With the COVID-19 pandemic, we have seen a forced evolution upon all of us working in the legal profession. We have been forced to work remotely and to learn how to be efficient and productive. Some law firms have not transitioned to a paper less system, but have been forced to do so in order to continue moving their claims along to allow their staff to access their files. Due to health restrictions during the pandemic, we are all learning to adapt and evolve and the use of technology has played a significant role in this process.
For lawyers who are not comfortable to using technology, here is a decision that may make you consider technological tools that may be here to stay.
This recent decision of the Ontario Court Arconti v. Smith, 2020 ONSC 2782 (CanLII) reviews attendance at an Examination for Discovery by videoconferencing. The key quotes are enumerated but this is a decision worth reviewing.
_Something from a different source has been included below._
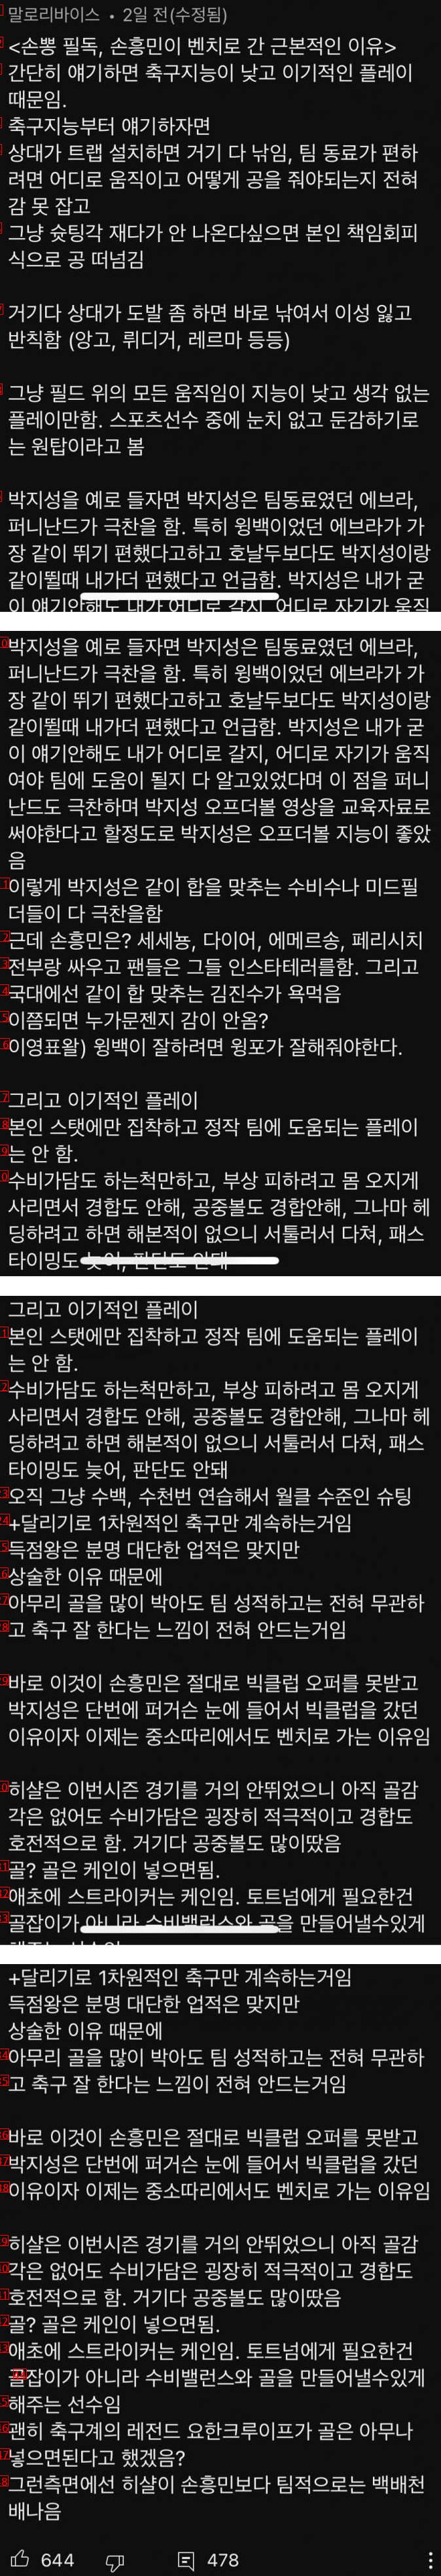 댓글 500개 달린 손흥민 저격 글

The Court’s comments regarding videoconferencing:
 In my view, the simplest answer to this issue is, “It’s 2020”. We no longer record evidence using quill and ink. In fact, we apparently do not even teach children to use cursive writing in all schools anymore. We now have the technological ability to communicate remotely effectively. Using it is more efficient and far less costly than personal attendance. We should not be going back.
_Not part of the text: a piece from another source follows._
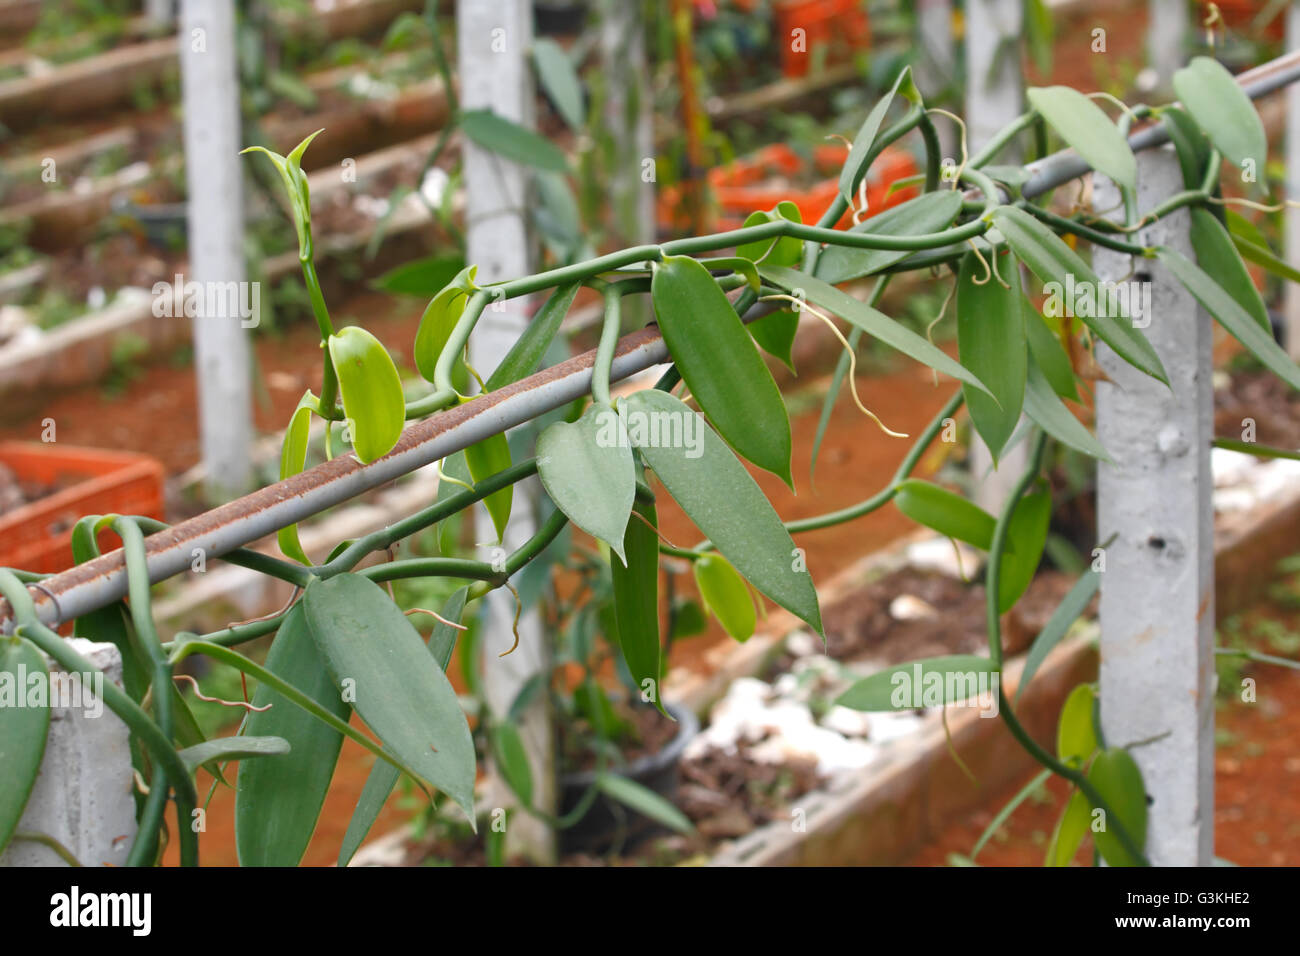 Granja de cultivo de vainilla, Vanilla planifolia (orquídea) sembrar para cosechar los frutos para extraer el aroma de vainilla. Foto de stock

 That is not to say that there are not legitimate issues that deserve consideration. Technology is a tool, not an answer. In this case, the parties cannot attend in the same location due to health concerns and governmental orders. So, the question is whether the tool of videoconference ought to be required to keep this matter moving or if the mini-trial ought to be delayed further due to the plaintiffs’ desire to conduct an examination for discovery in person.
Also, arguments in relation to “proportionality” principles and access to justice are very persuasive:
43] I agree but with this proviso. In my view, much of the hesitancy and concern that led to the conclusions that the process is “unsatisfactory” or raises “due process concerns” stems from our own unfamiliarity with the technology. As noted above, it is just a tool. It does not produce perfection. But neither is its use as horrible as it is uncomfortable.
 In my view, the plaintiffs’ concerns with the prospect of conducting an examination remotely do not outweigh the desirability of proceeding with this matter and do not justify further delay.